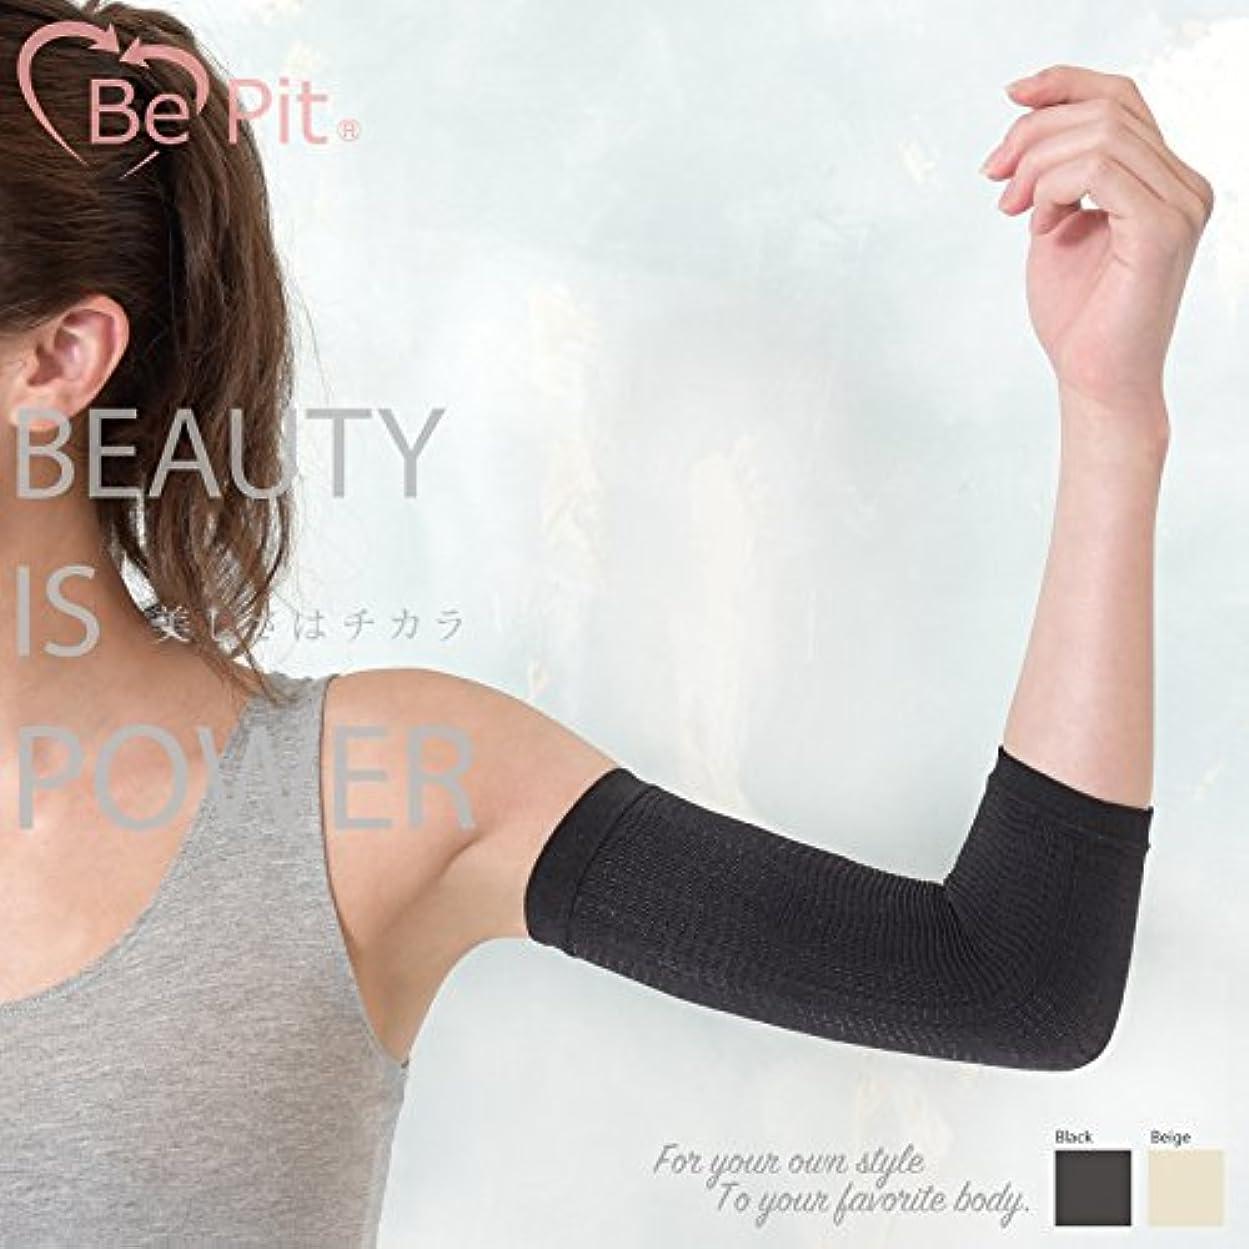 配る教育学トロピカル美ピット(Bepit) 二の腕マッサージフィットスパッツ Bepit016 (ブラック)
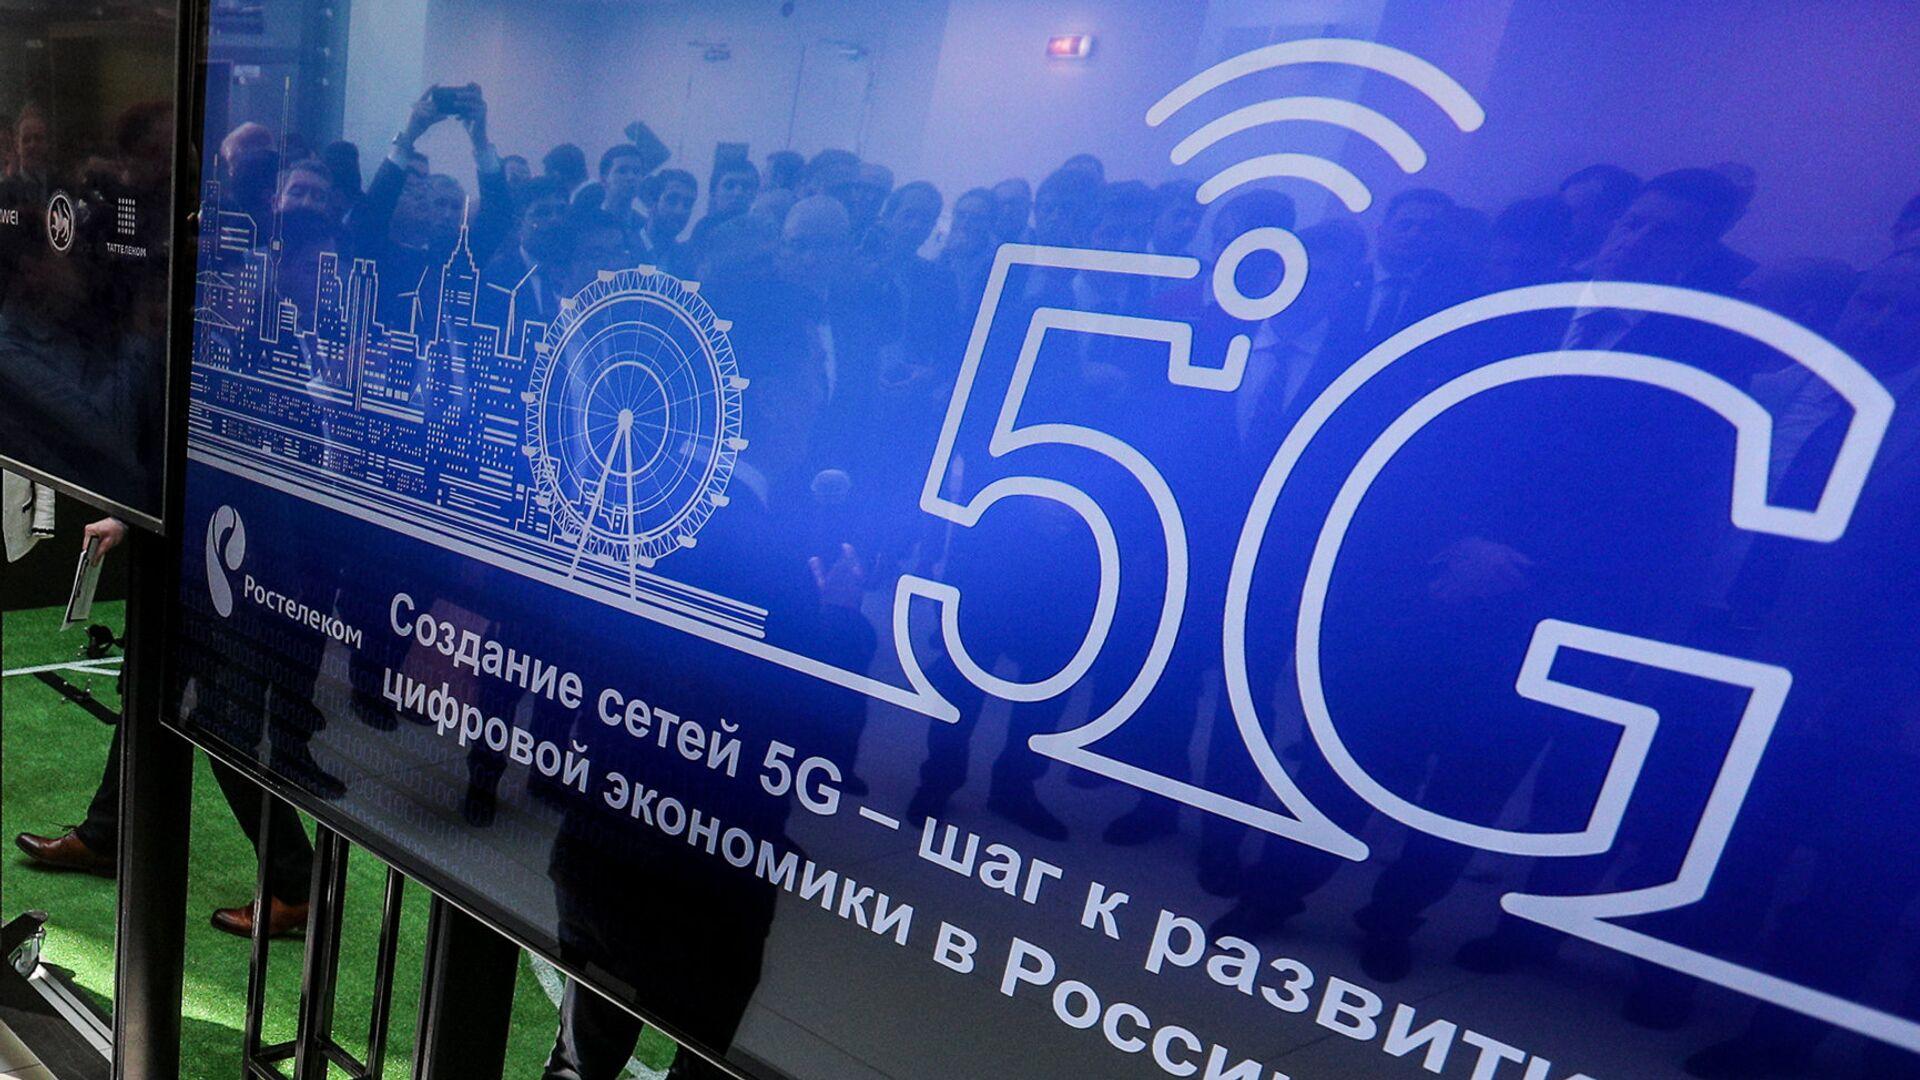 Открытие опытной зоны сети нового поколения технологии 5G в Иннополисе  - РИА Новости, 1920, 16.10.2020
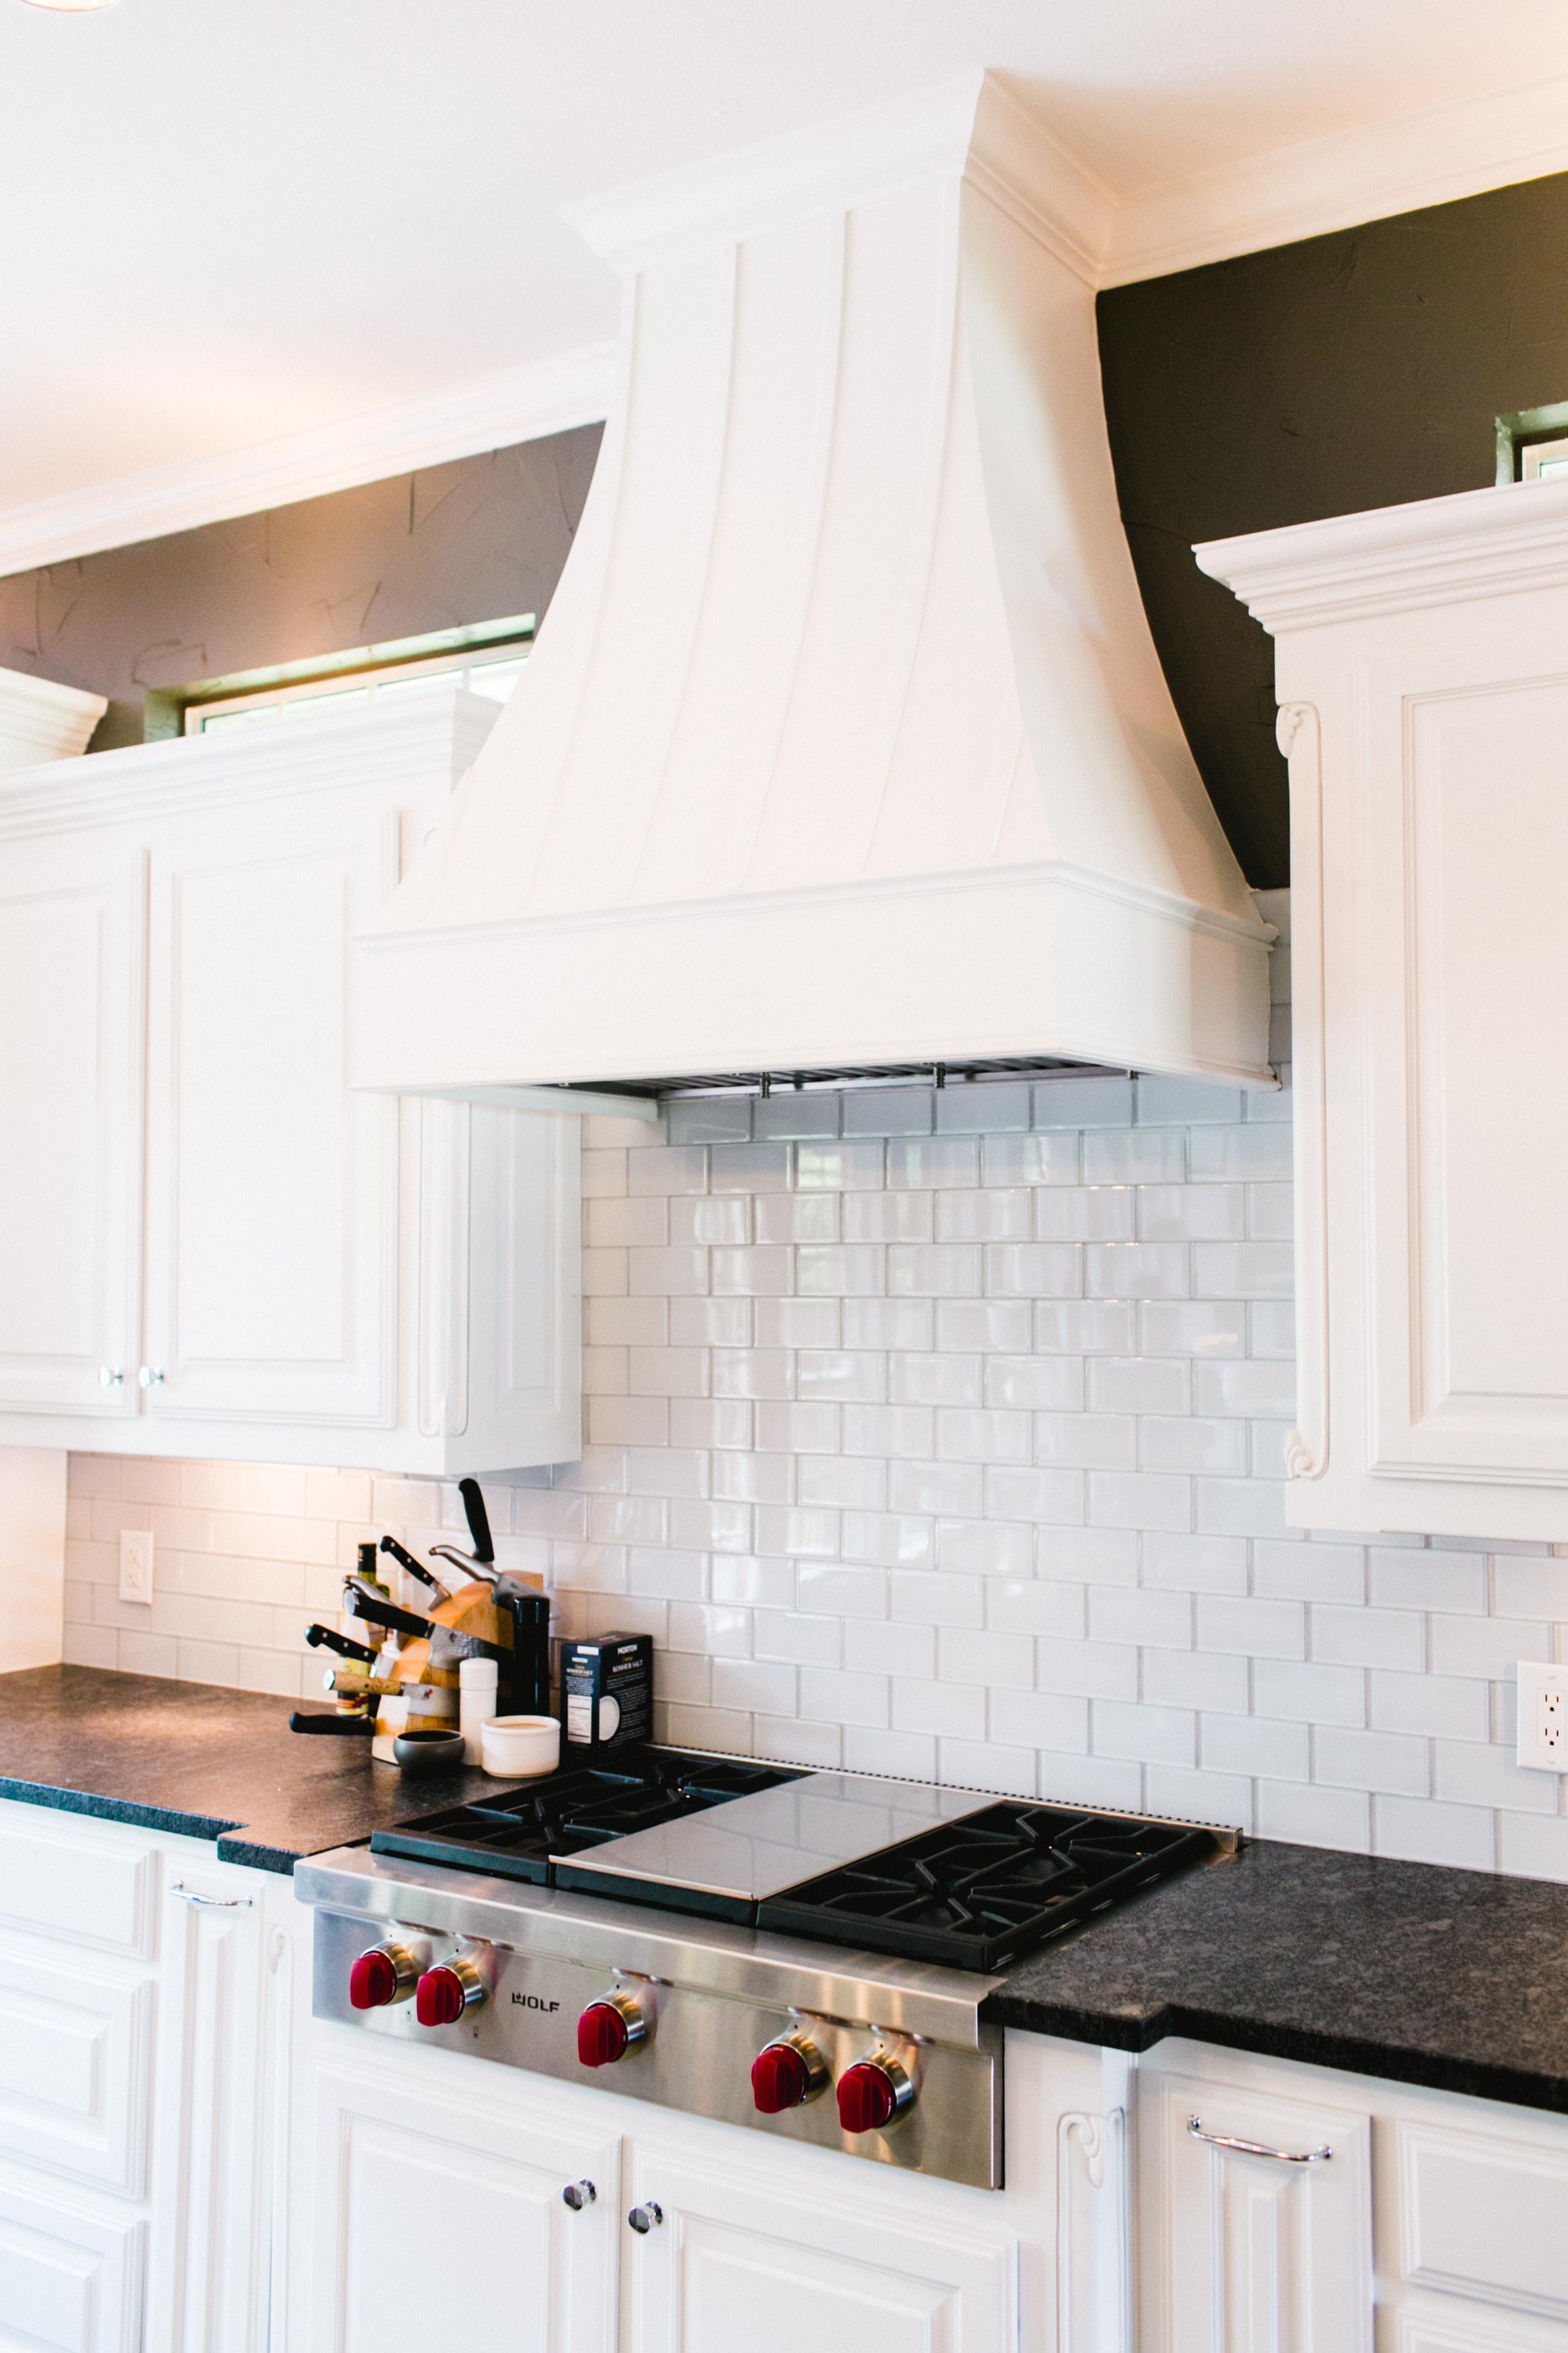 Southlake Kitchen Remodel 10.jpg

## [PROBLEM TO WORK ON]
Your answer must contain the full data, repeated exactly, without pictures.

## [RESPONSE AREA]
 配る教育学トロピカル美ピット(Bepit) 二の腕マッサージフィットスパッツ Bepit016 (ブラック)
 Открытие опытной зоны сети нового поколения технологии 5G в Иннополисе  - РИА Новости, 1920, 16.10.2020
 Southlake Kitchen Remodel 10.jpg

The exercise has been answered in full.